Instructions to follow: Beginning with the line below that contains "Matcha: What About Its Different Colors?" and ending with the line that contains "Gyms across East", retype every line exactly. Pictures are not copied.

Records for the task:
++++++++
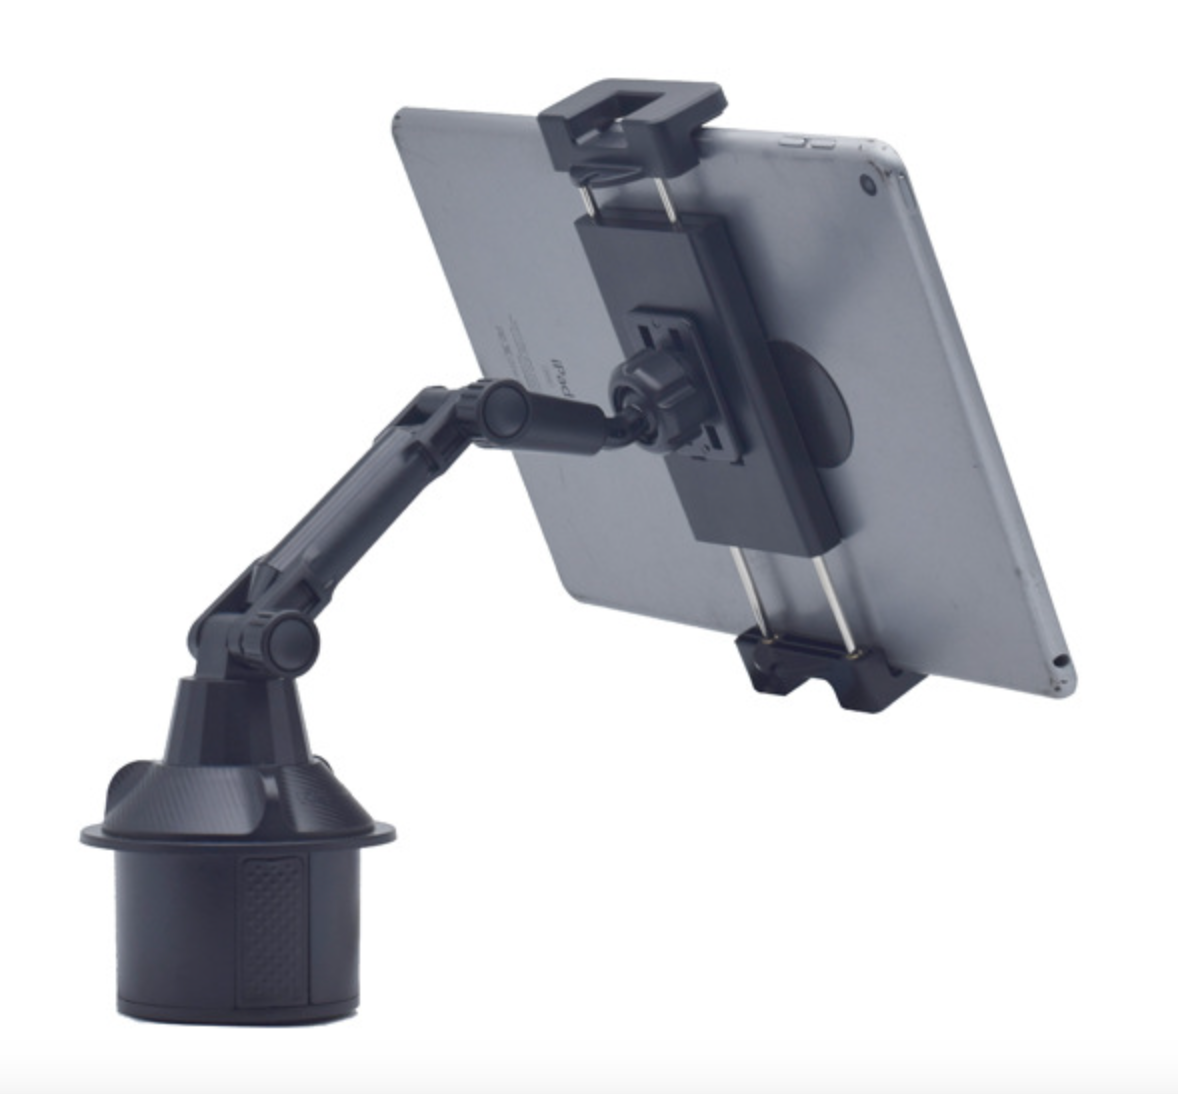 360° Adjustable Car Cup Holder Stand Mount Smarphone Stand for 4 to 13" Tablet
++++++++
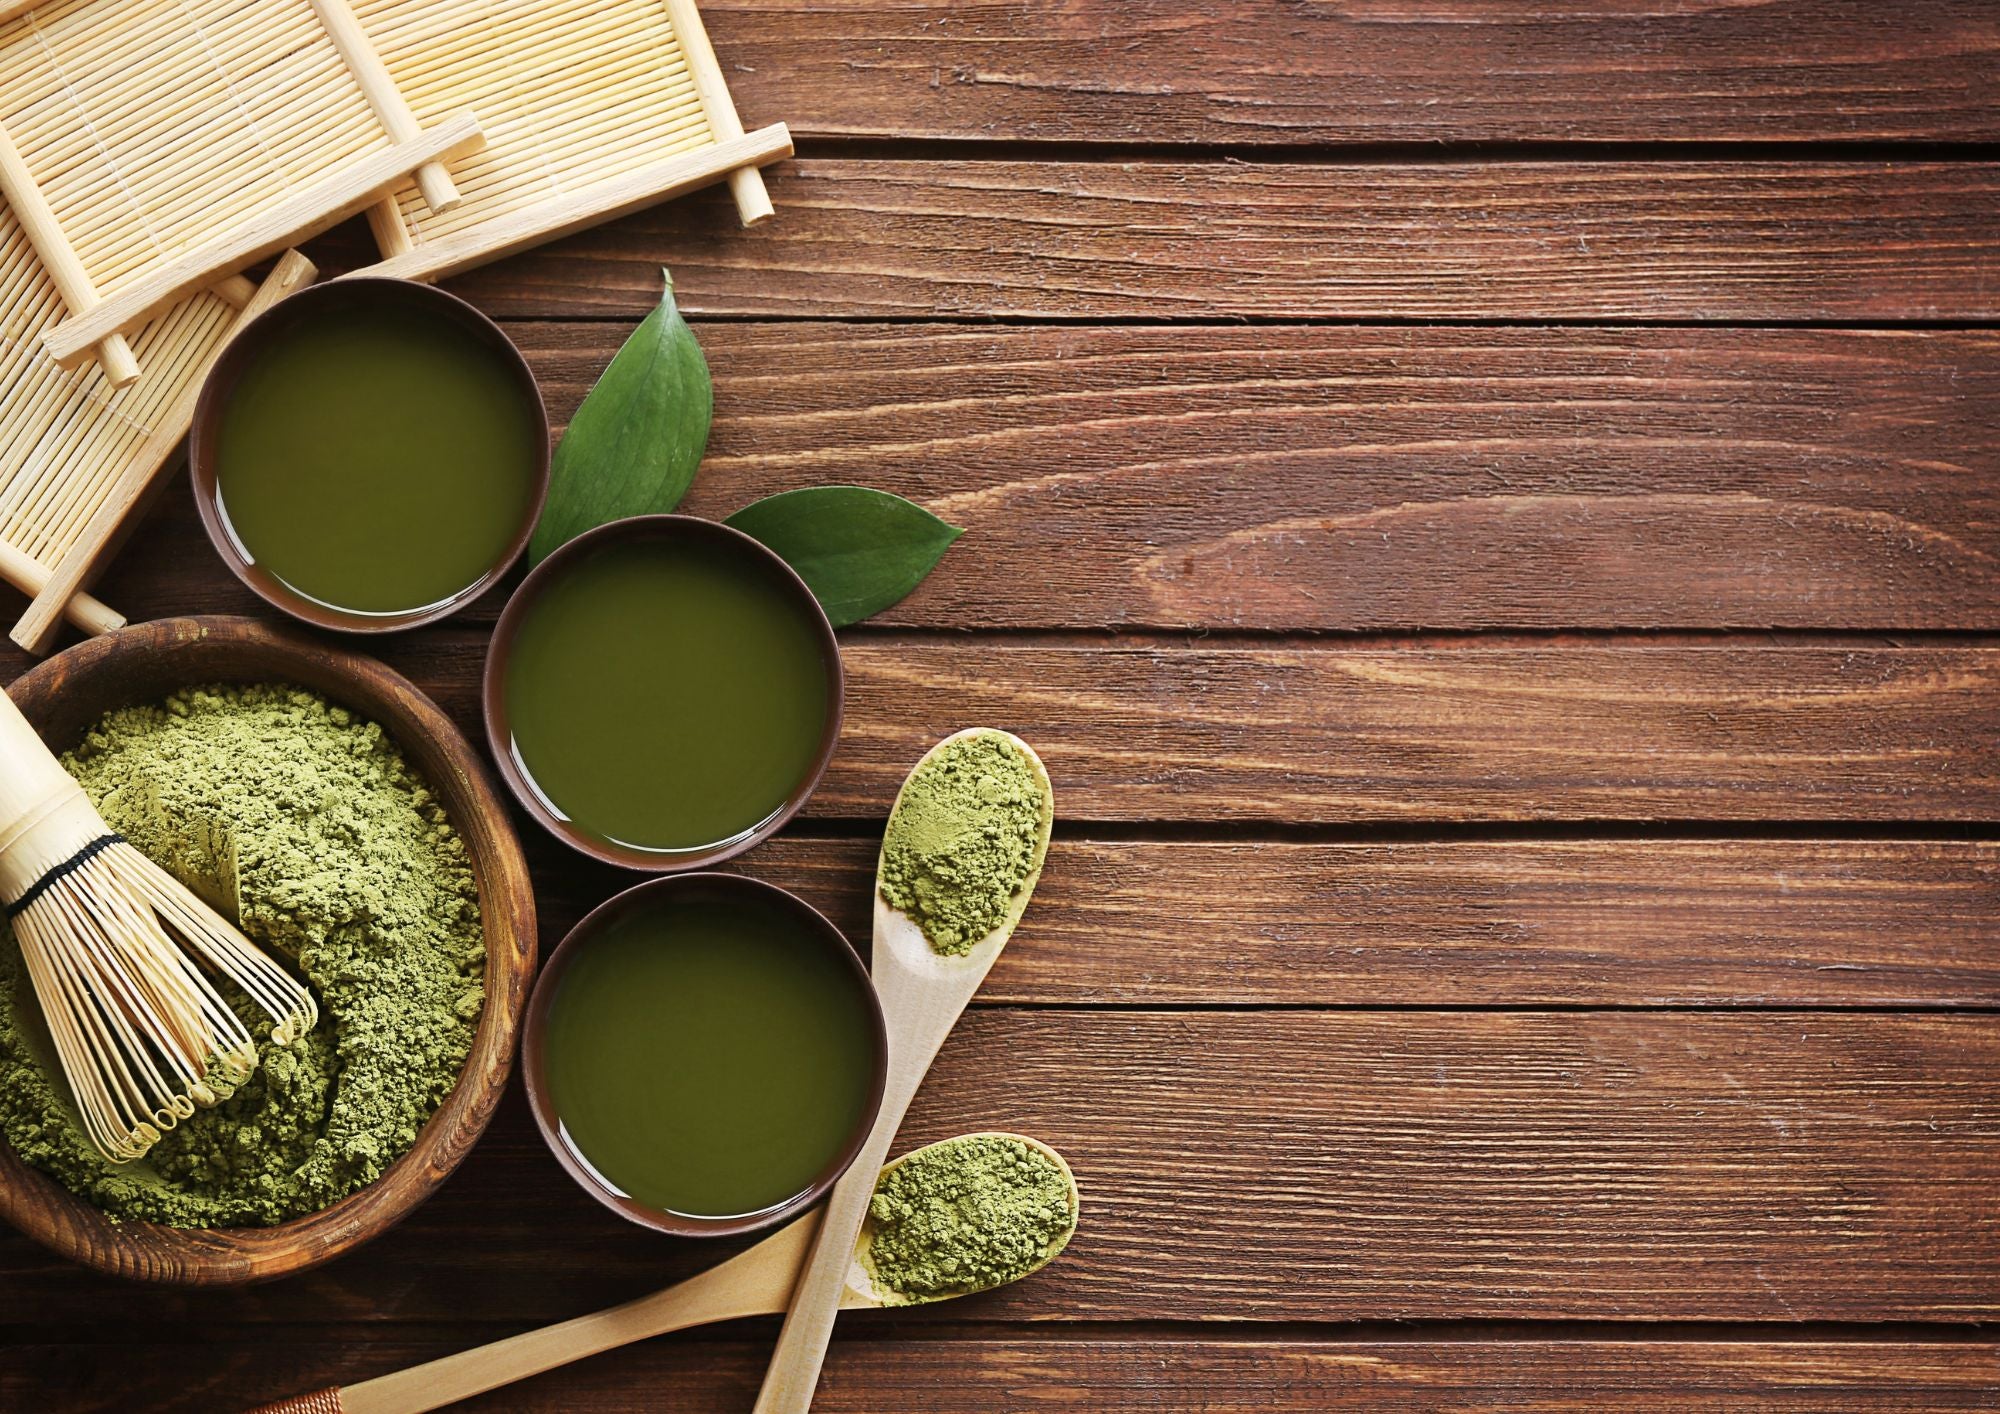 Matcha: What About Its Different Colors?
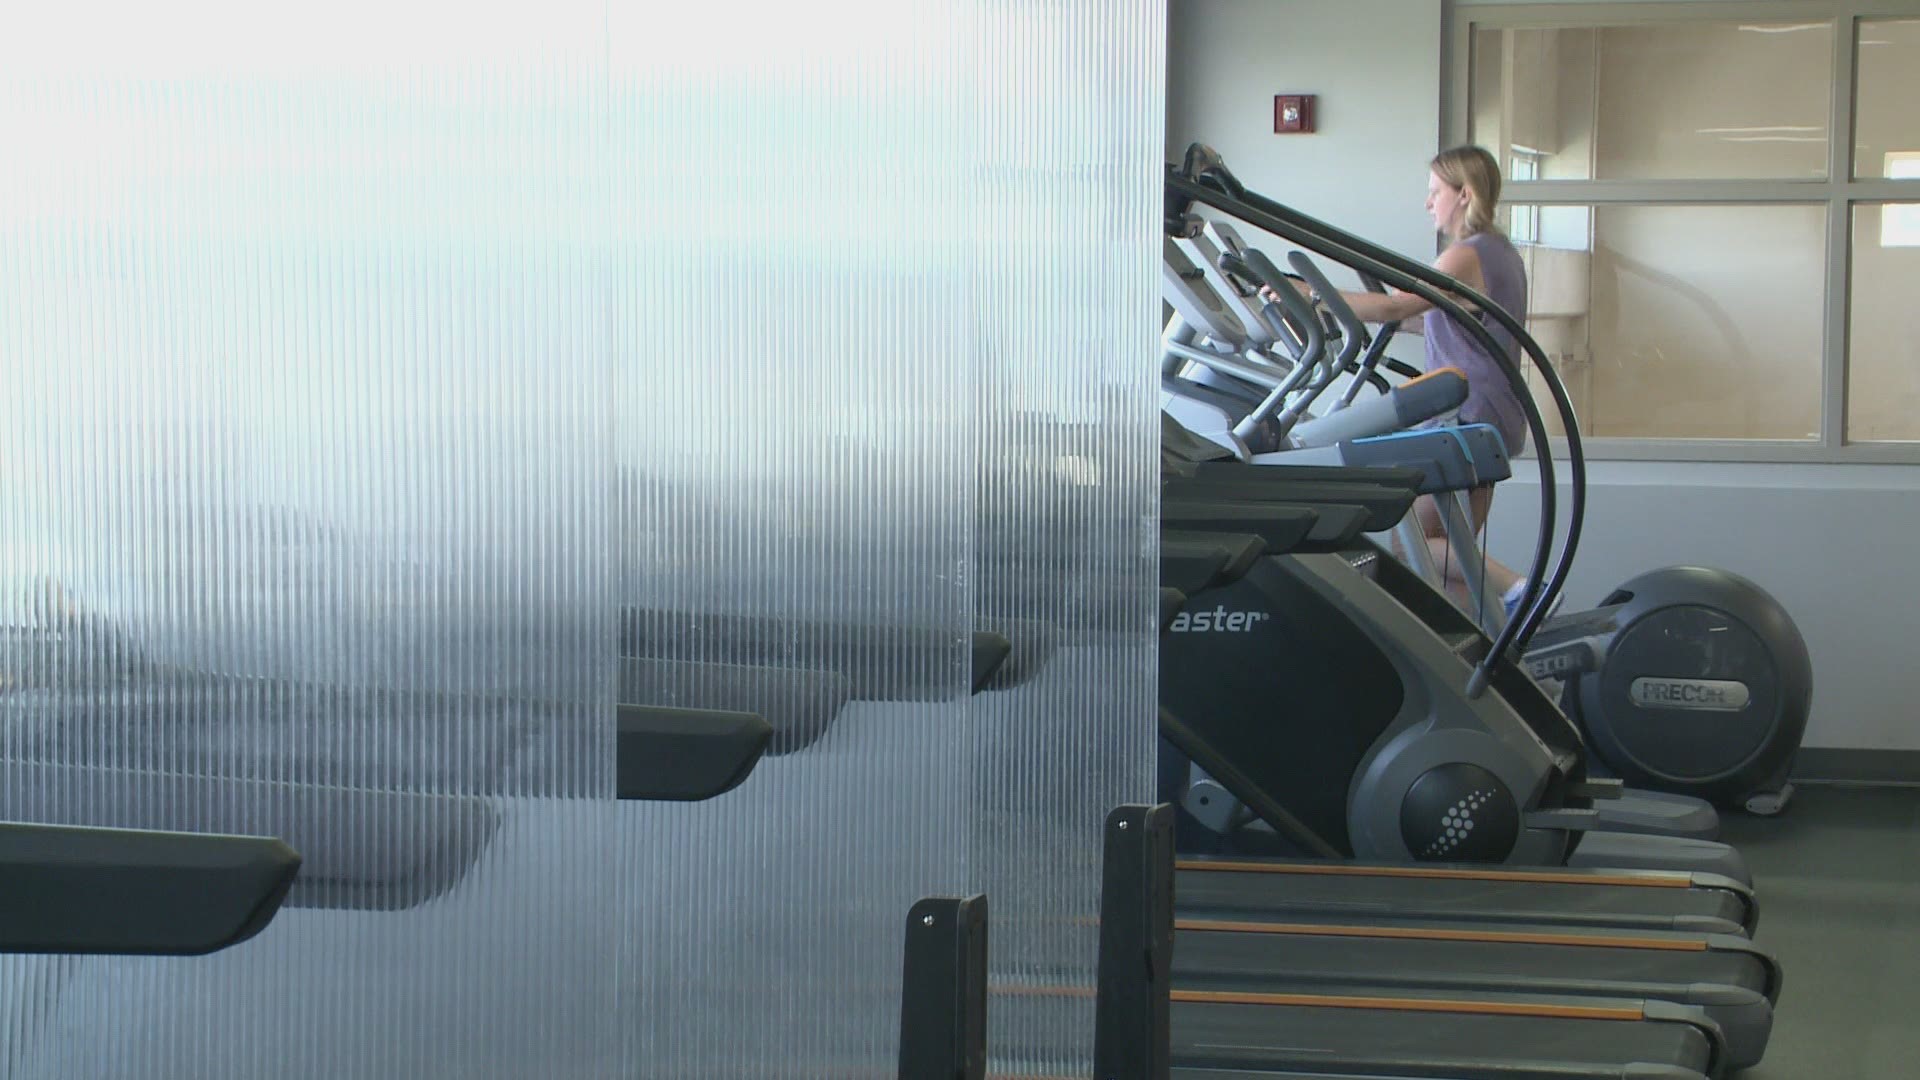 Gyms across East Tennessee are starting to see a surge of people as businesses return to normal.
++++++++
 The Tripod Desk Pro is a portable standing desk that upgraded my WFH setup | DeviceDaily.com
++++++++
Solution to the exercise:
 Matcha: What About Its Different Colors?
 Gyms across East Tennessee are starting to see a surge of people as businesses return to normal.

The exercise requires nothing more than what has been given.